**MATERIAL PROVIDED:**
▬▬▬▬▬▬▬▬▬▬

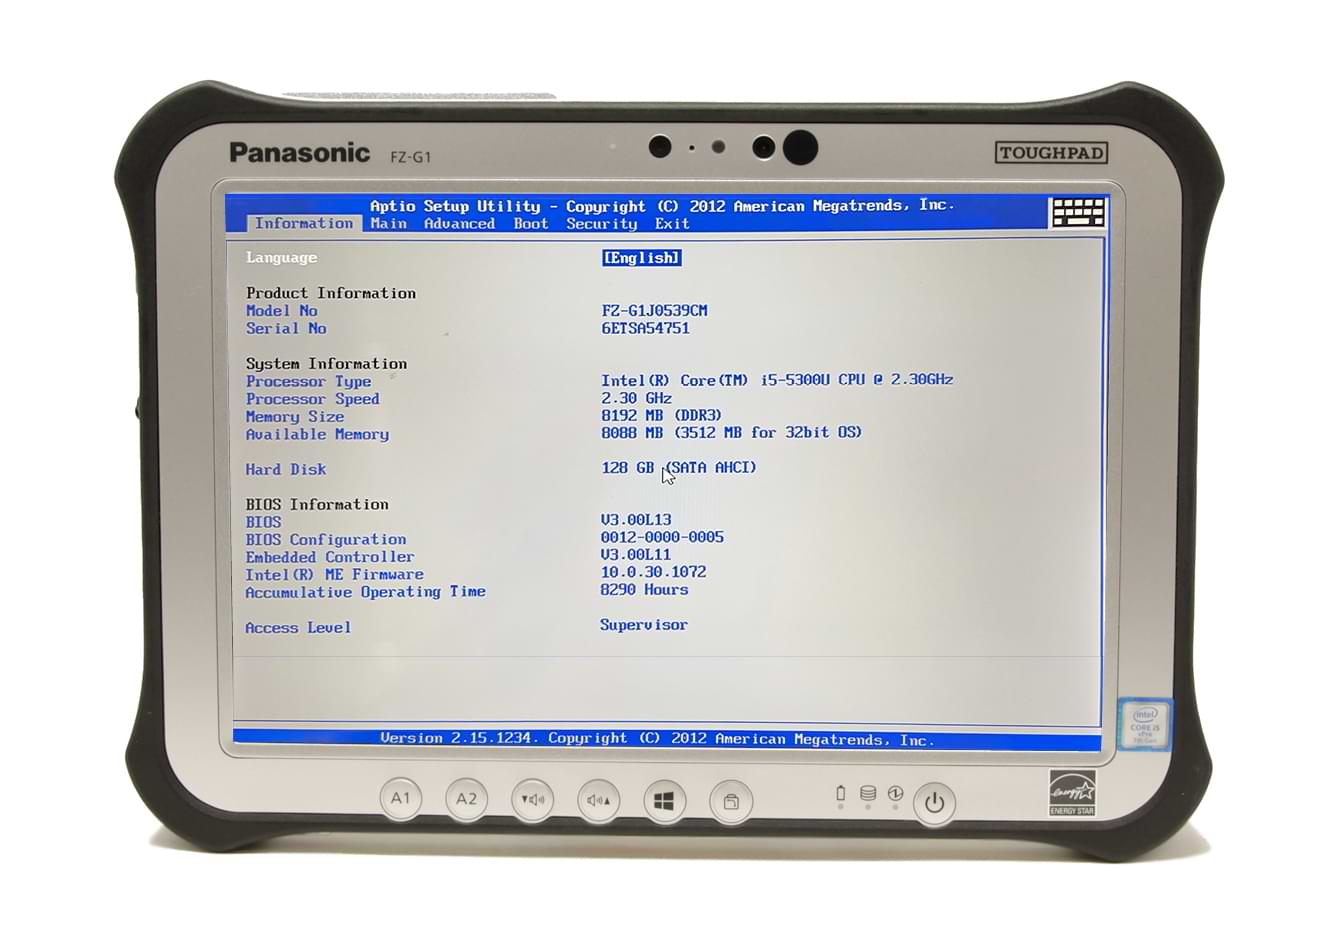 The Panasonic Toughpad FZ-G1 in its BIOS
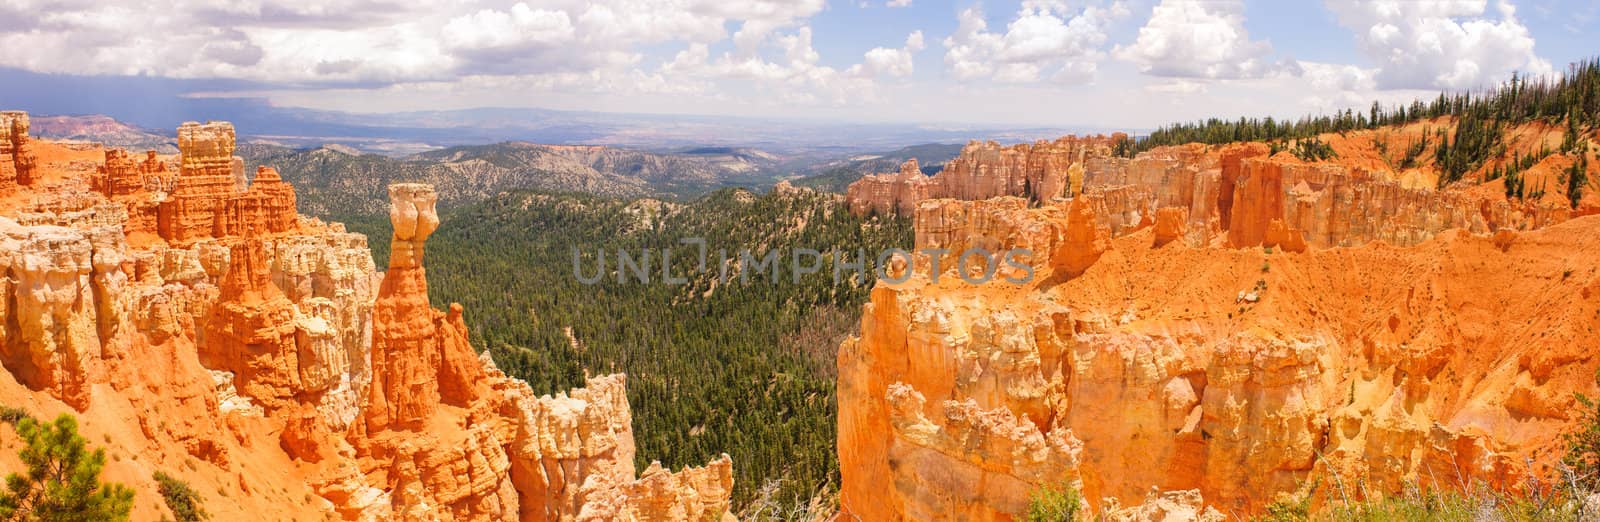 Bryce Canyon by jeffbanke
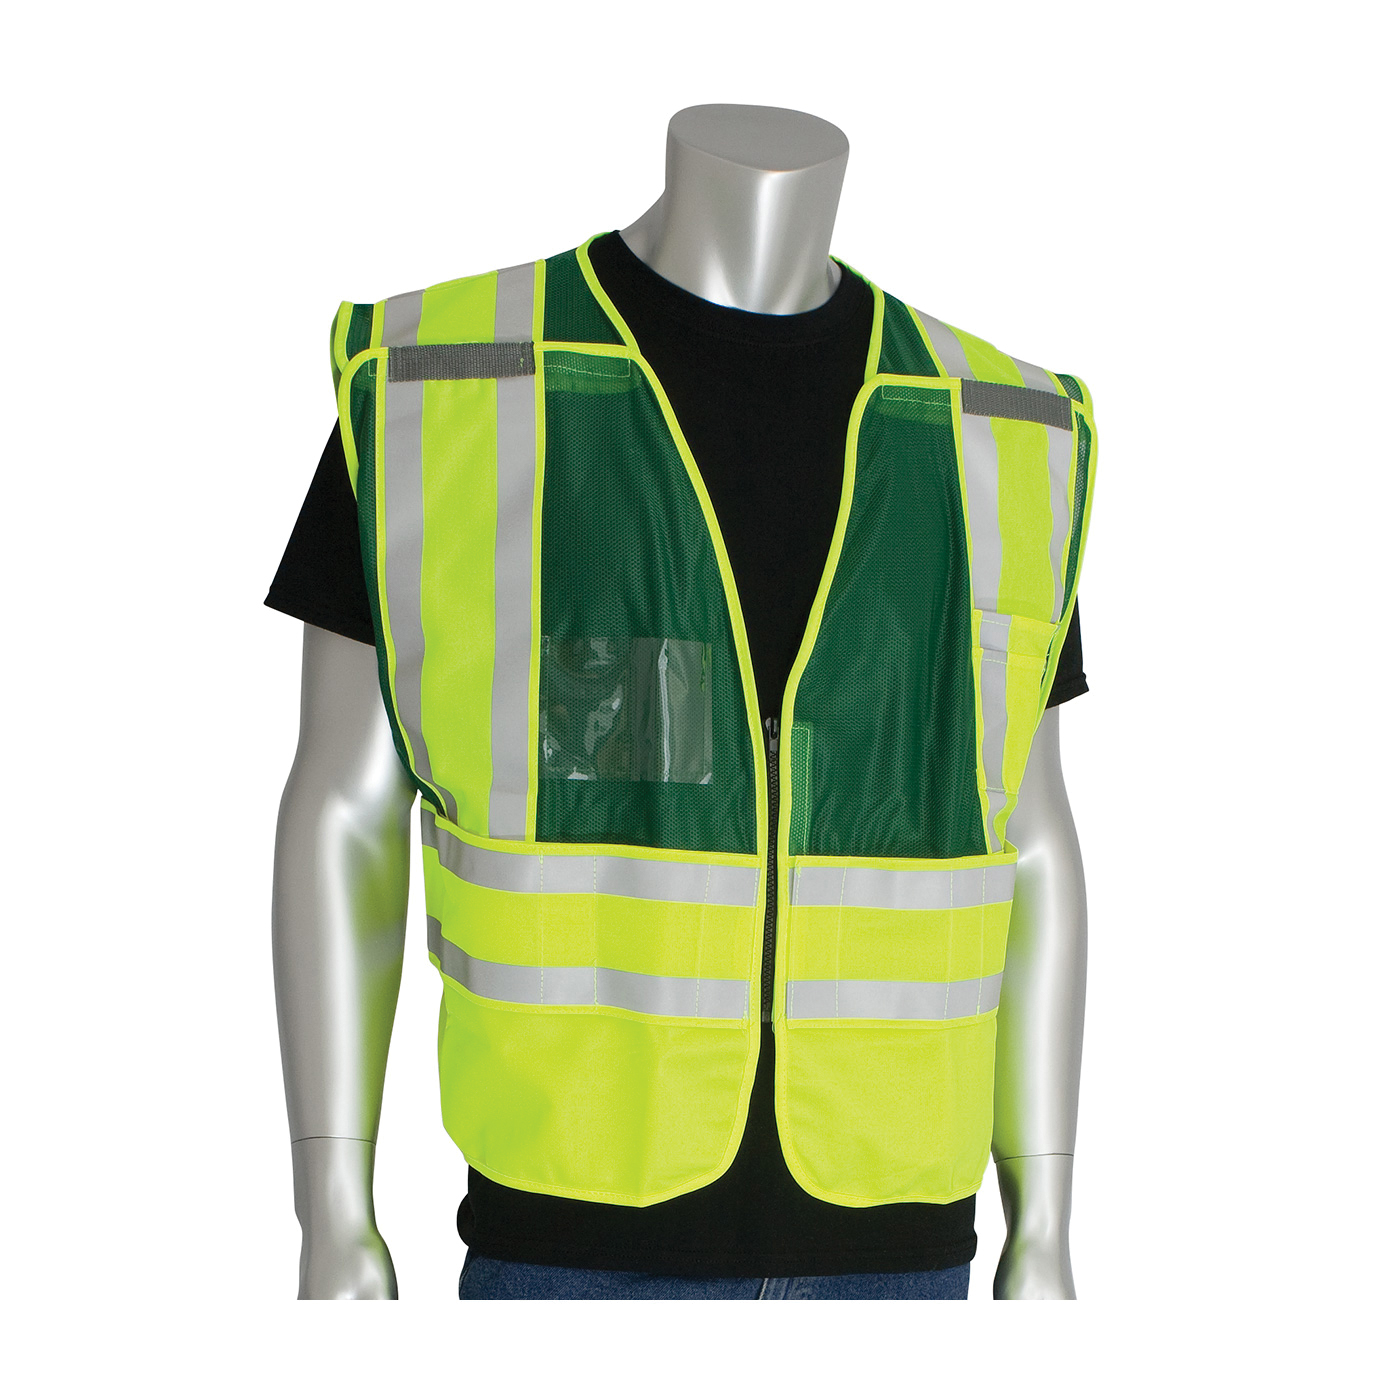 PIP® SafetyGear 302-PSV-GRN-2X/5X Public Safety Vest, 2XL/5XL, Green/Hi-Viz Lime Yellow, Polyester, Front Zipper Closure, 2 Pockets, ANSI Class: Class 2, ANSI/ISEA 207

▬▬▬▬▬▬▬▬▬▬

**PROBLEM TO SOLVE:** Copy each line above precisely, dropping the pictures.

**EXERCISE OUTPUT:**
 The Panasonic Toughpad FZ-G1 in its BIOS
 Bryce Canyon by jeffbanke
 PIP® SafetyGear 302-PSV-GRN-2X/5X Public Safety Vest, 2XL/5XL, Green/Hi-Viz Lime Yellow, Polyester, Front Zipper Closure, 2 Pockets, ANSI Class: Class 2, ANSI/ISEA 207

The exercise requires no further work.